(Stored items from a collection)
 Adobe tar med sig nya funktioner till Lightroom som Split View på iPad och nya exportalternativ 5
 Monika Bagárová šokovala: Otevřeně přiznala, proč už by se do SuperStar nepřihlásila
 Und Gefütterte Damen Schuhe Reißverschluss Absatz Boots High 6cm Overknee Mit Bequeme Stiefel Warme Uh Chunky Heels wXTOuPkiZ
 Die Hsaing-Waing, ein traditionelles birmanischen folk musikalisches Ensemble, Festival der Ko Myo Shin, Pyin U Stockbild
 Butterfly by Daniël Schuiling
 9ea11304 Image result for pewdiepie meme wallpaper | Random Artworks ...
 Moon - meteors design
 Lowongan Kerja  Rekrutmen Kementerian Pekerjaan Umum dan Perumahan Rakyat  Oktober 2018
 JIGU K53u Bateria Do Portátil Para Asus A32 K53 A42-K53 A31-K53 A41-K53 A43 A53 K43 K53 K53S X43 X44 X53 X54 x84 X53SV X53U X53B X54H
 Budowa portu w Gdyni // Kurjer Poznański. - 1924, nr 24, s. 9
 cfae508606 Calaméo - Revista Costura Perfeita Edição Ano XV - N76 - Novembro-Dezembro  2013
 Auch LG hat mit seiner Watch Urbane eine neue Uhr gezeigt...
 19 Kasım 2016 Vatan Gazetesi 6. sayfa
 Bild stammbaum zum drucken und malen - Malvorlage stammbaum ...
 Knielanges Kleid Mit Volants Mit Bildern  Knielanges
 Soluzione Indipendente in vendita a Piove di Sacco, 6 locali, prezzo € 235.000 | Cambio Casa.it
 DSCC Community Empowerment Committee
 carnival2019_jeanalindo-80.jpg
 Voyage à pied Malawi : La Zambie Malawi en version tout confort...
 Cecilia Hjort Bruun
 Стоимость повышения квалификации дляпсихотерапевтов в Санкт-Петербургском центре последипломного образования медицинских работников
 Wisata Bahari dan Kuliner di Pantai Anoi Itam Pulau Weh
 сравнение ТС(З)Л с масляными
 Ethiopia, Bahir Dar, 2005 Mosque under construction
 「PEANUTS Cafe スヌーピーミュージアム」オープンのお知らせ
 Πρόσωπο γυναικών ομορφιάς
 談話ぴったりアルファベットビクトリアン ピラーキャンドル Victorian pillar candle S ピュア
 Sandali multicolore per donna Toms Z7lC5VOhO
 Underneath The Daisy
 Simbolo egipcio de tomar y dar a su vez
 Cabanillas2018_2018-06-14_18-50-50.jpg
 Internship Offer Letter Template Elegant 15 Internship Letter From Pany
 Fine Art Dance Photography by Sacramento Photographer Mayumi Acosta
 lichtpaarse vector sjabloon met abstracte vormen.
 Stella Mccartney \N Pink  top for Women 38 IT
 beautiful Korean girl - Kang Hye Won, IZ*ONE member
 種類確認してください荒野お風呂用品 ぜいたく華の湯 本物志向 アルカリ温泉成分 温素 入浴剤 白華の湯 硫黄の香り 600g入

What is being asked: Copy all the records above precisely.

Answer to this exercise:
 Adobe tar med sig nya funktioner till Lightroom som Split View på iPad och nya exportalternativ 5
 Monika Bagárová šokovala: Otevřeně přiznala, proč už by se do SuperStar nepřihlásila
 Und Gefütterte Damen Schuhe Reißverschluss Absatz Boots High 6cm Overknee Mit Bequeme Stiefel Warme Uh Chunky Heels wXTOuPkiZ
 Die Hsaing-Waing, ein traditionelles birmanischen folk musikalisches Ensemble, Festival der Ko Myo Shin, Pyin U Stockbild
 Butterfly by Daniël Schuiling
 9ea11304 Image result for pewdiepie meme wallpaper | Random Artworks ...
 Moon - meteors design
 Lowongan Kerja  Rekrutmen Kementerian Pekerjaan Umum dan Perumahan Rakyat  Oktober 2018
 JIGU K53u Bateria Do Portátil Para Asus A32 K53 A42-K53 A31-K53 A41-K53 A43 A53 K43 K53 K53S X43 X44 X53 X54 x84 X53SV X53U X53B X54H
 Budowa portu w Gdyni // Kurjer Poznański. - 1924, nr 24, s. 9
 cfae508606 Calaméo - Revista Costura Perfeita Edição Ano XV - N76 - Novembro-Dezembro  2013
 Auch LG hat mit seiner Watch Urbane eine neue Uhr gezeigt...
 19 Kasım 2016 Vatan Gazetesi 6. sayfa
 Bild stammbaum zum drucken und malen - Malvorlage stammbaum ...
 Knielanges Kleid Mit Volants Mit Bildern  Knielanges
 Soluzione Indipendente in vendita a Piove di Sacco, 6 locali, prezzo € 235.000 | Cambio Casa.it
 DSCC Community Empowerment Committee
 carnival2019_jeanalindo-80.jpg
 Voyage à pied Malawi : La Zambie Malawi en version tout confort...
 Cecilia Hjort Bruun
 Стоимость повышения квалификации дляпсихотерапевтов в Санкт-Петербургском центре последипломного образования медицинских работников
 Wisata Bahari dan Kuliner di Pantai Anoi Itam Pulau Weh
 сравнение ТС(З)Л с масляными
 Ethiopia, Bahir Dar, 2005 Mosque under construction
 「PEANUTS Cafe スヌーピーミュージアム」オープンのお知らせ
 Πρόσωπο γυναικών ομορφιάς
 談話ぴったりアルファベットビクトリアン ピラーキャンドル Victorian pillar candle S ピュア
 Sandali multicolore per donna Toms Z7lC5VOhO
 Underneath The Daisy
 Simbolo egipcio de tomar y dar a su vez
 Cabanillas2018_2018-06-14_18-50-50.jpg
 Internship Offer Letter Template Elegant 15 Internship Letter From Pany
 Fine Art Dance Photography by Sacramento Photographer Mayumi Acosta
 lichtpaarse vector sjabloon met abstracte vormen.
 Stella Mccartney \N Pink  top for Women 38 IT
 beautiful Korean girl - Kang Hye Won, IZ*ONE member
 種類確認してください荒野お風呂用品 ぜいたく華の湯 本物志向 アルカリ温泉成分 温素 入浴剤 白華の湯 硫黄の香り 600g入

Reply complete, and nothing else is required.